**Provided data**:
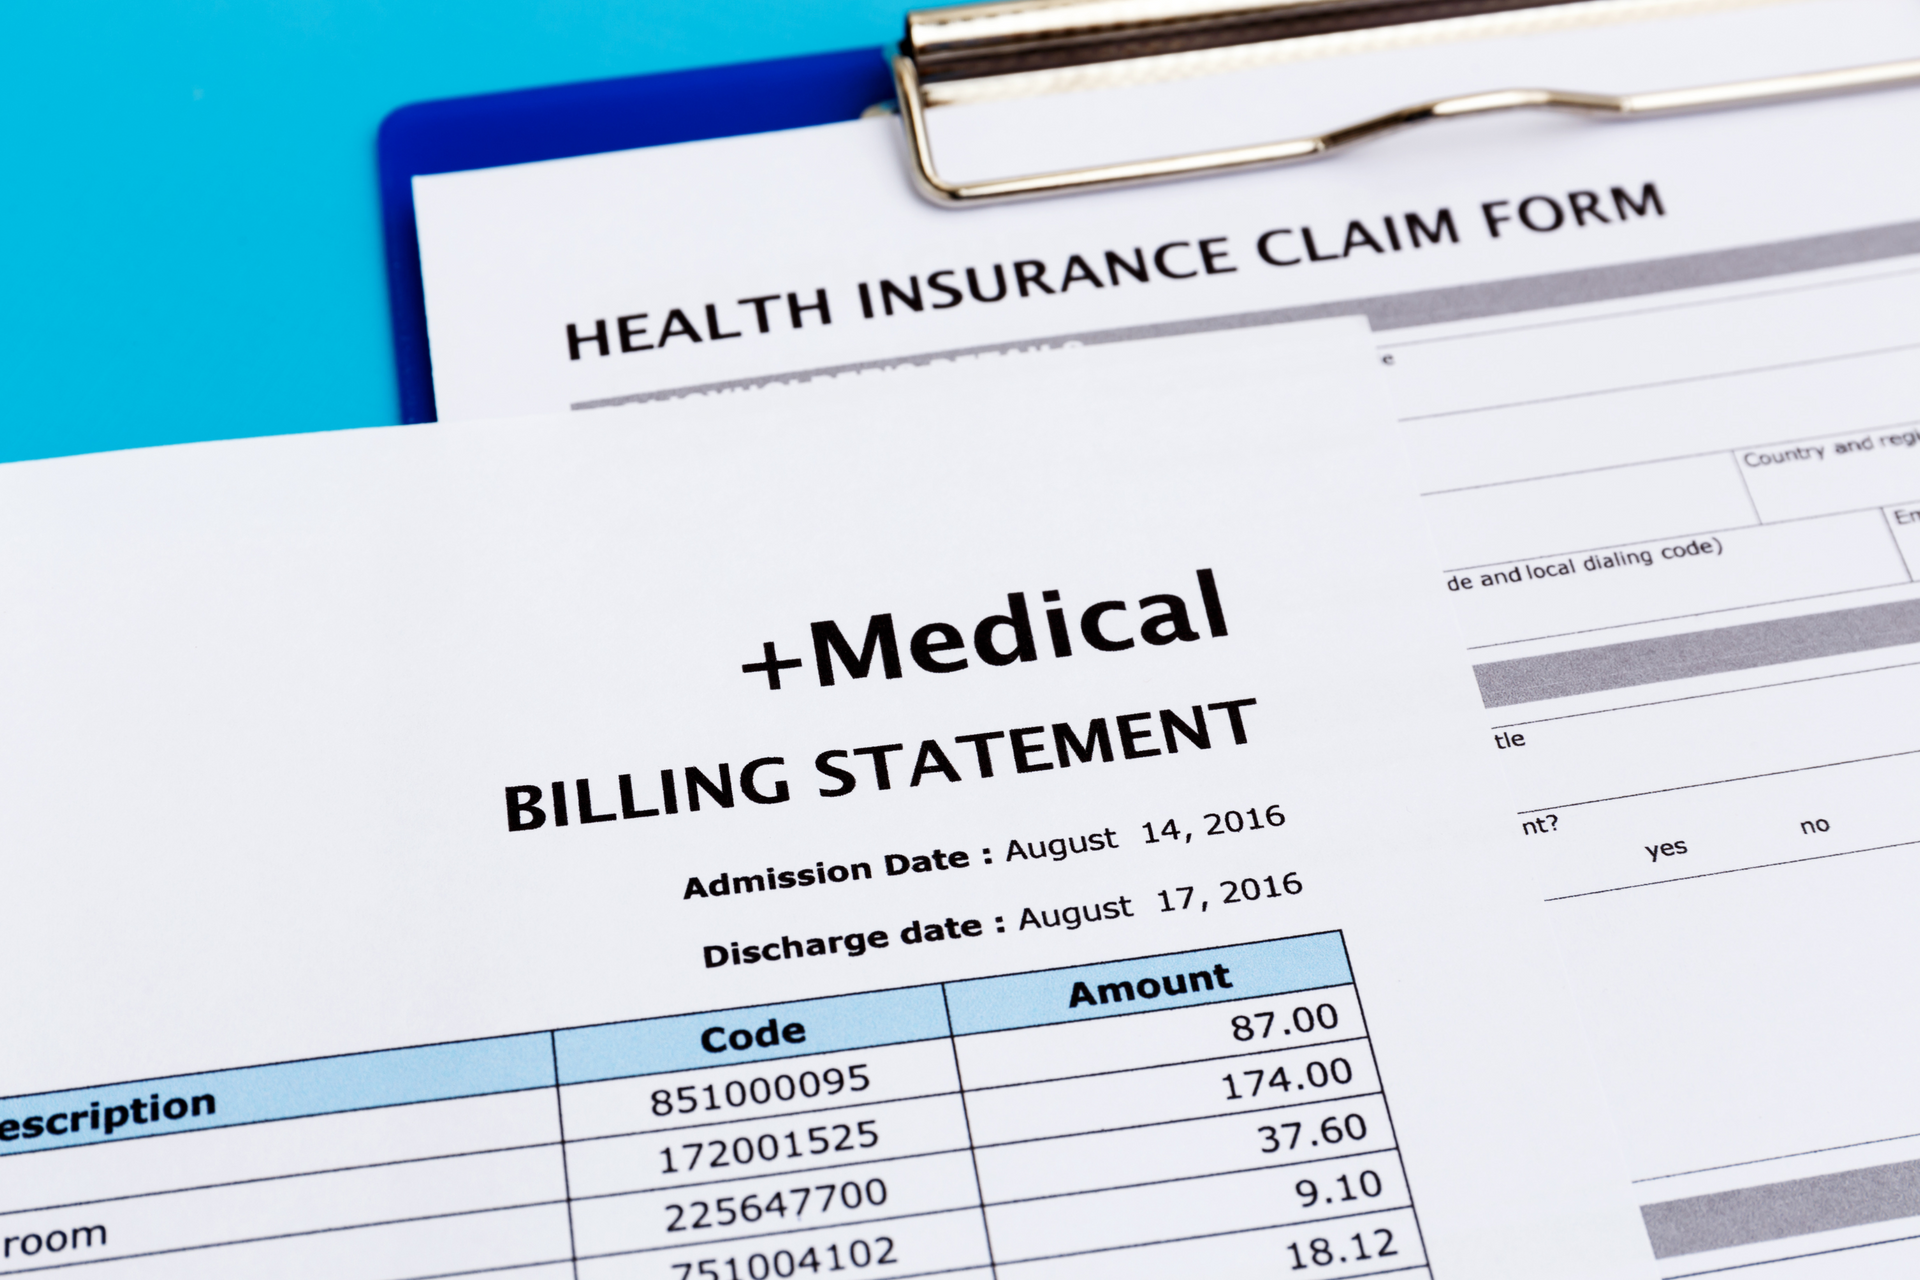 Medical billing statements and medical insurance forms
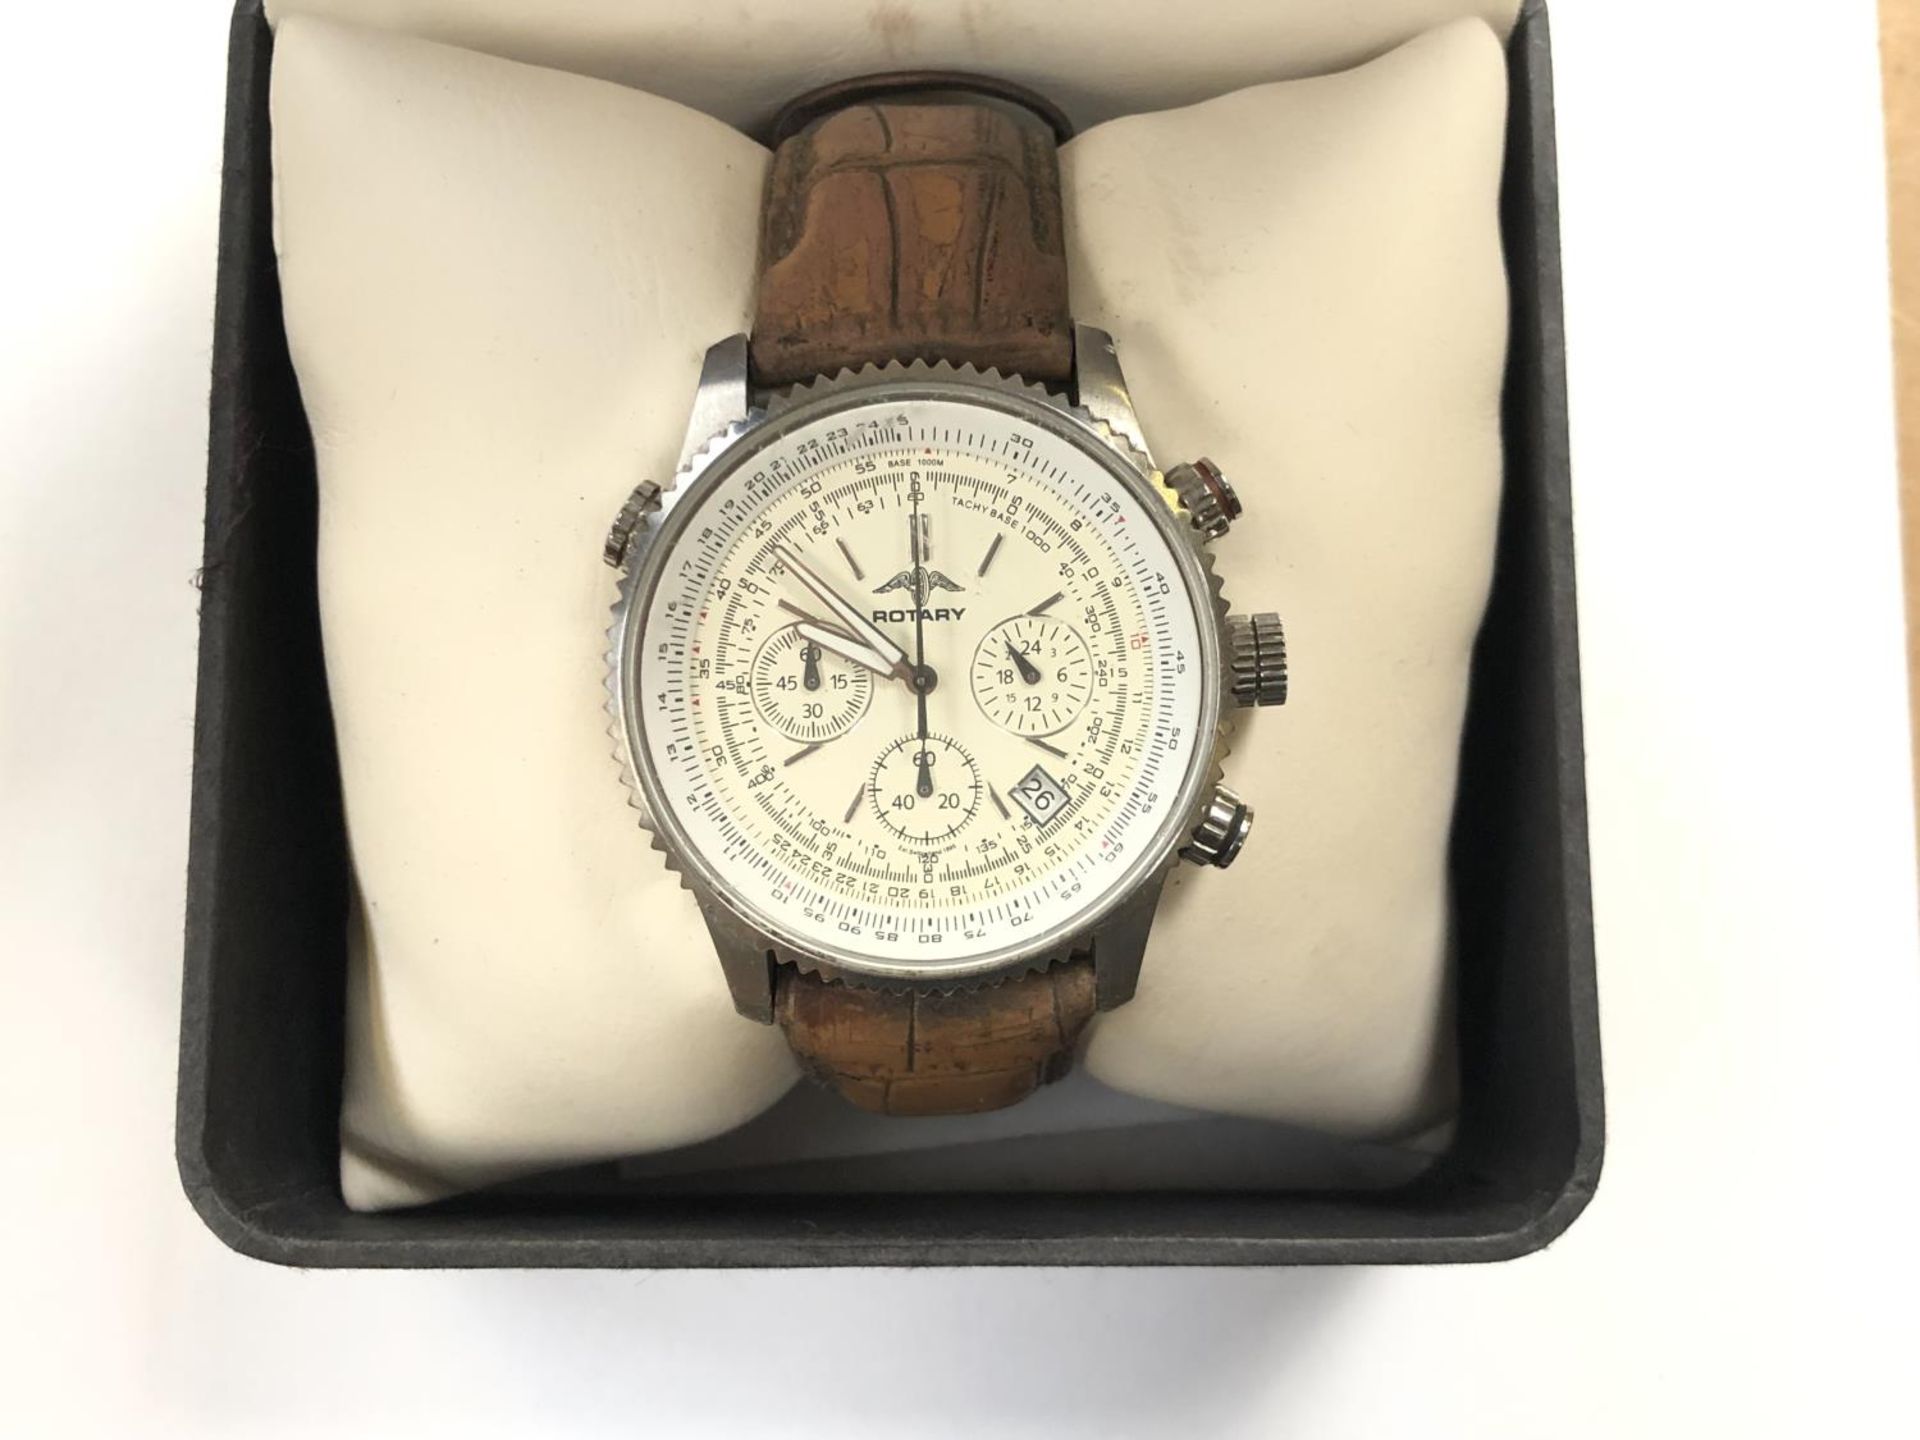 A GENTS 'ROTARY' CHRONOGRAPH WATCH
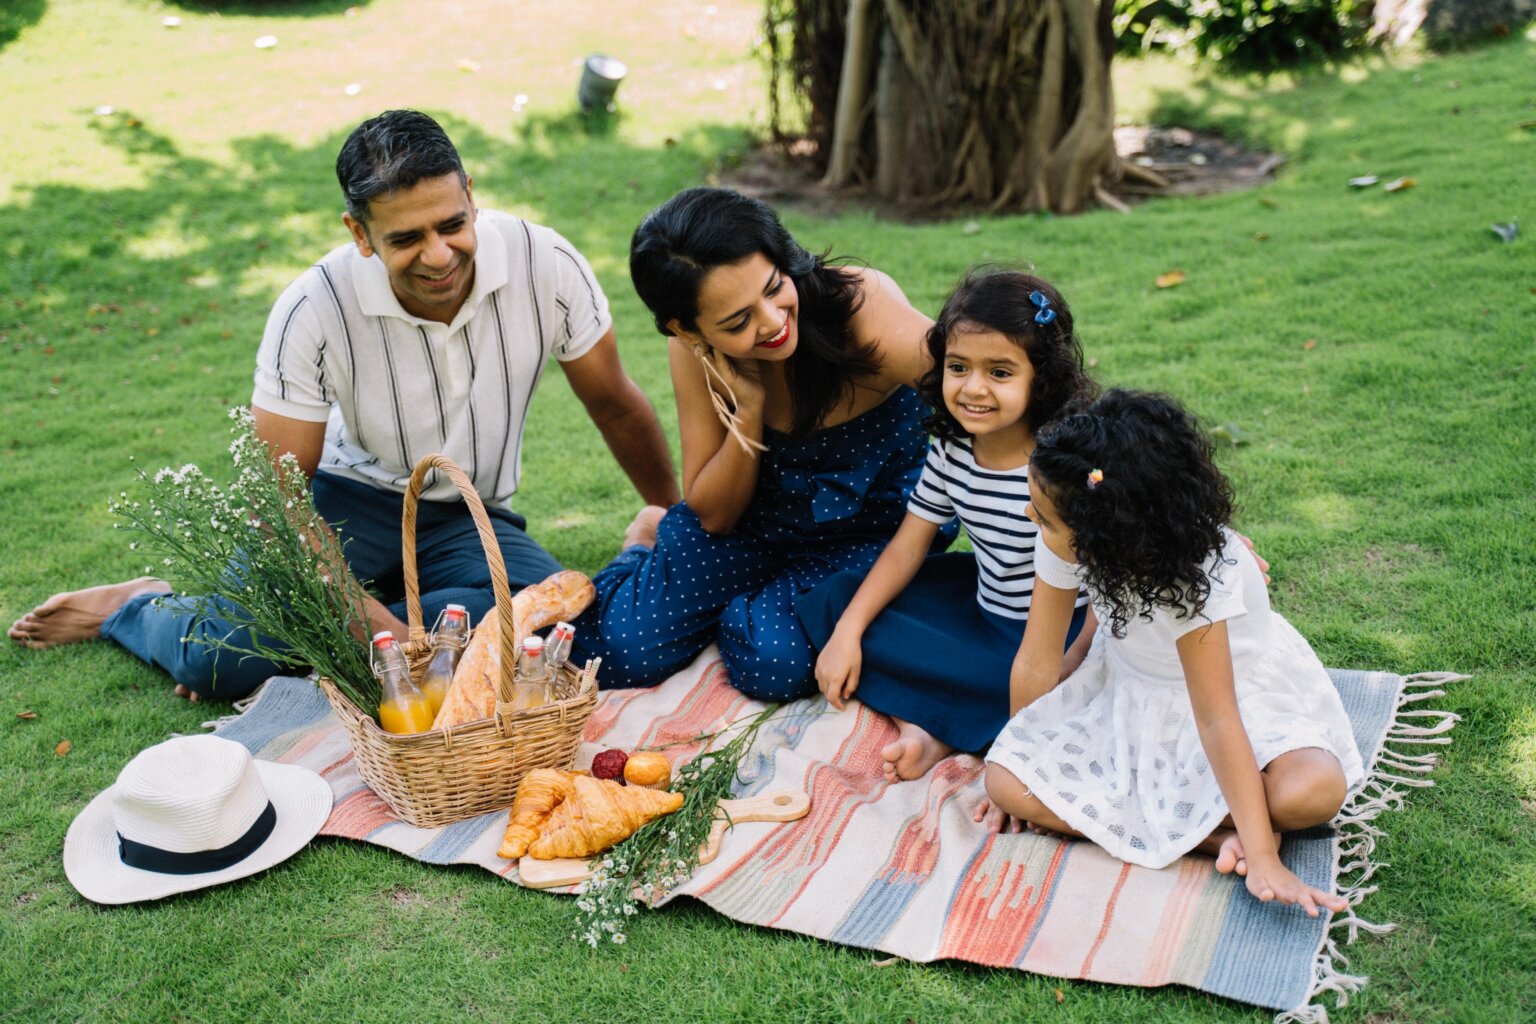 A dad, mom, and their two daughters having a picnic on the grass.

**Work required**: Once the images are dropped, set down the remaining material word for word.

**Task solution**:
 Medical billing statements and medical insurance forms
 A GENTS 'ROTARY' CHRONOGRAPH WATCH
 A dad, mom, and their two daughters having a picnic on the grass.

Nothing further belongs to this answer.